AC 30 has been released for Apple.
https://itunes.apple.com/us/app/cisco-anyconnect/id392790924?mt=8
Release notes are available here:
Design considerations
Anyconnect on smart device will integrate seamlessly into a flexvpn head end without any tweaking on the router.
Per RFC5996, If we use EAP to authenticate a client, the hub MUST be authenticated by providing a certificate.
The underlying reason is the following:
iIf we were using a PSK instead and one person has access to the client and to the head end infrastructure, by using arp poisoining he could impersonate the hub and then decode the user password.
By using a certificate we avoid this situation.
- Anyconnect expect the router to present a certificate with the right Extended Key Usage [ TLS webserver - Typically using the webserver template on a microsoft CA server].
- The certificate Common Name need to be equal to the connection DNS name defined on the anyconnect.
- If the CN on the certificate is not populated in your dns, then you need to have a Subject Alternate Name [SAN] defined.
- SAN DNS:anyconnect.cisco.com will restrict to connect to an ip that will be resolved as anyconnect.cisco.com
- SAN DNS:*.cisco.com will allow to connect to any router where the DNS lookup point to something in cisco.com
Router configuration
! Definition of Radius config since when EAP is defined, the router proxy simply the request to a radius server
! Working radius are Cisco ACS [ EAP-MD5] Cisco ISE [ EAP-MSCHAP-V2, EAP-MD5, EAP-GTC] Microsoft Radius [ EAP-MSCHAP-V2] Linux Freeradius [ EAP-MD5/EAP-GTC/EAP-MSCHAP-V2]
aaa new-model
!
!
aaa group server radius freeradius
server-private 172.16.0.254 auth-port 1812 acct-port 1813 key cisco123
!
aaa authentication login win7 group freeradius
aaa accounting network default start-stop group freeradius
!
!Definition of the local certificate truspoint.

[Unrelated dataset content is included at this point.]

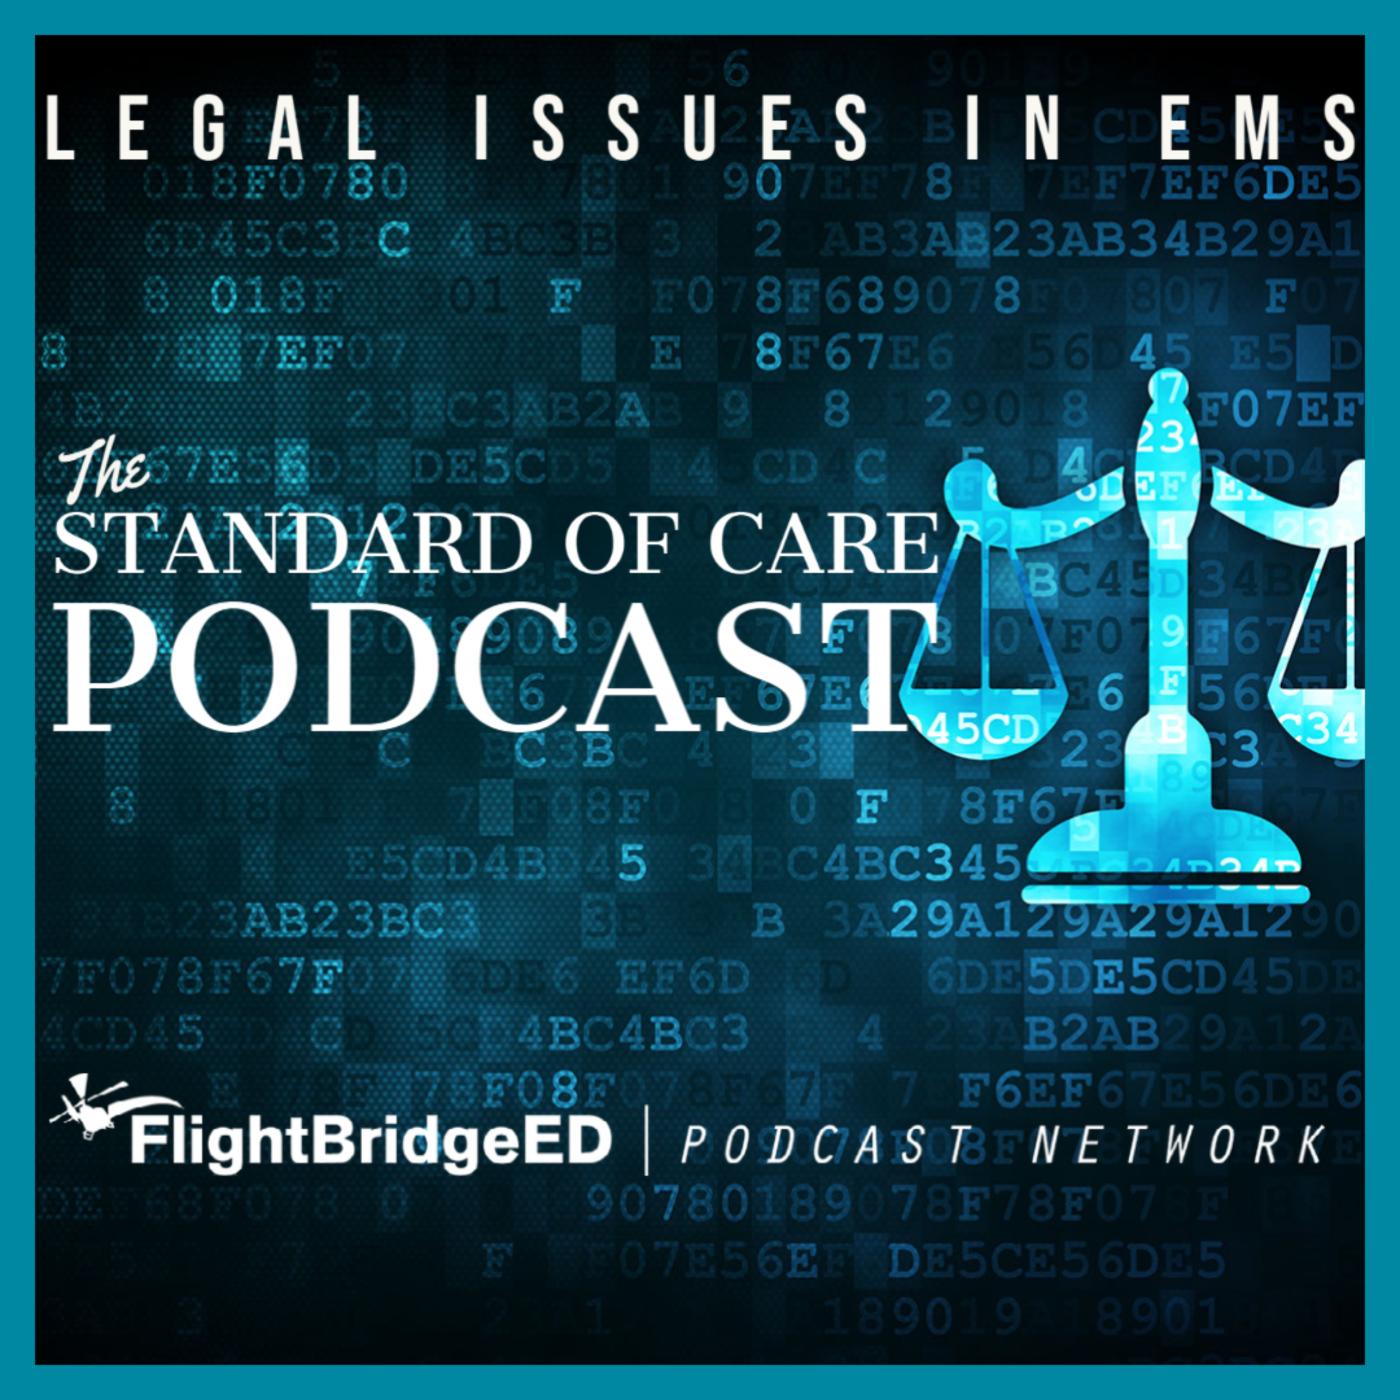 Episode 5: Vitamin K (Legally!)

!Here I'm using enrollment terminal since I want to select the Webserver template from the Microsoft win2008 CA. SCEP gives access to the ike intermediate template which is not suitable
!
crypto pki trustpoint anyconnect
enrollment terminal
subject-name cn=R1-HUB.cisco.com,ou=ikev2,ou=TAC,o=Cisco
revocation-check none
rsakeypair flexanyconnect 2048
!
!
crypto pki certificate chain anyconnect
certificate 18180951000000000A8D
certificate ca 77E790F86C3BAD9647633D8428015203
!
!
! Integrity SHA-1 is required by anyconnect to properly select the right PRF
crypto ikev2 proposal myprop
encryption aes-cbc-256
integrity sha1
group 5
!
crypto ikev2 policy mypol
match fvrf any
proposal myprop
!
!
!Ikev2 profile definition matching the IKE IDentity defined on the client
crypto ikev2 profile default
match identity remote key-id anyconnect_remote_access
match identity remote key-id cisco.com
identity local dn
authentication remote eap query-identity
authentication local rsa-sig
pki trustpoint anyconnect
dpd 60 2 on-demand
aaa authentication eap win7
aaa authorization user eap cached
aaa accounting eap default
virtual-template 1
! Authentication local is rsa sig / remote is EAP - We need to query the remote identity.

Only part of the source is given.